NJEA has lobbyists galore. Individual teachers who’d rather not pay $1,200 in dues every year? Not so much. From Lilley’s new report:
New Jersey’s most deep-pocketed special interest, the NJEA, certainly appears to be one of the “privileged few,” per Shure. It has a large team of professional lobbyists armed with $140 million of teachers’ dues to exploit backroom, lame-duck politics: Every single one of the 25 legislators who sponsored or cosponsored the RCNA has been supported by NJEA money. Six of the sponsors and cosponsors are among the top-ten recipients of NJEA monetary support from 2011-2020. Lead-sponsor then-Senate President Steve Sweeney saw the Super PAC that supported his election in 2021 – American Democratic Majority – get $1.3 million from the NJEA’s Super PAC, Garden State Forward. And, of course, Governor Murphy has benefited from $15.5 million of the NJEA’s largesse.
What does RCNA do? It expands the reach of WDEA by increasing NJEA’s power. Now districts must hand over job descriptions, work locations, work emails, and work phone numbers for all teachers who are not NJEA members. If any teacher tries to opt out of the union, the district must notify NJEA within five days. This directly benefits NJEA, Lilley explains, because it gives union leaders “privileged access to non-members, enhancing its ability to ‘persuade’ these teachers to join the NJEA. As with the WDEA, the school district acts as the NJEA’s business administrator on the taxpayer’s dime.” It also solves one of WDEA’s problems: the original 10-day per year opt-out window is most likely unconstitutional under Janus, opening up NJEA to lawsuits by teachers who don’t want to be members. So RCNA fixes that by changing the “legal regime” for teachers who want to opt out and forcing them to pay dues for as long as a year.

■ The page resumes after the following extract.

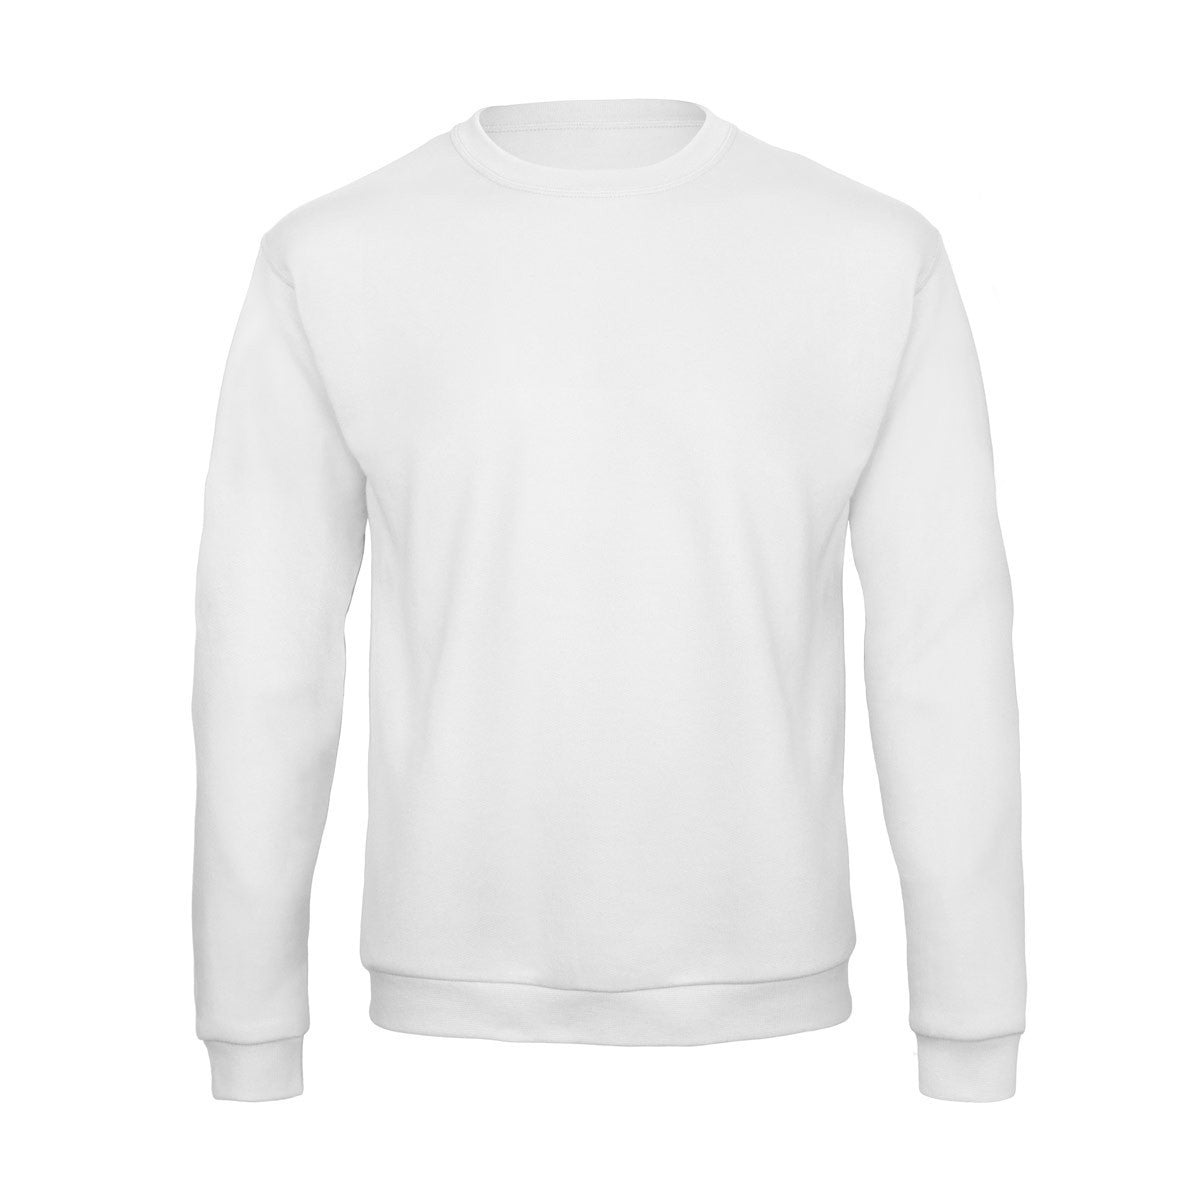 Budget Sweater (Men/ Unisex) (Muster)

The enactment of RCNA, Lilley says, represents New Jersey politics at its worst” with “powerful, taxpayer-funded special interests with millions to spend on professional lobbyists” have “once again exerted their dominance over New Jersey’s political system.” In this case, the legislation passed “in the least transparent way: behind closed doors, with no public hearings or debate.”
The New Jersey public – the people the government is supposed to serve – was shut out of the process and kept in the dark. Who spoke up for the ordinary teachers who must live under this regime, especially those who are not members of the NJEA? Who spoke up for the school districts that will be saddled with yet more administrative burdens on behalf of the NJEA? Who spoke up for the taxpayers who fund the school districts and a government that operates for the benefit of special interests?
No one. .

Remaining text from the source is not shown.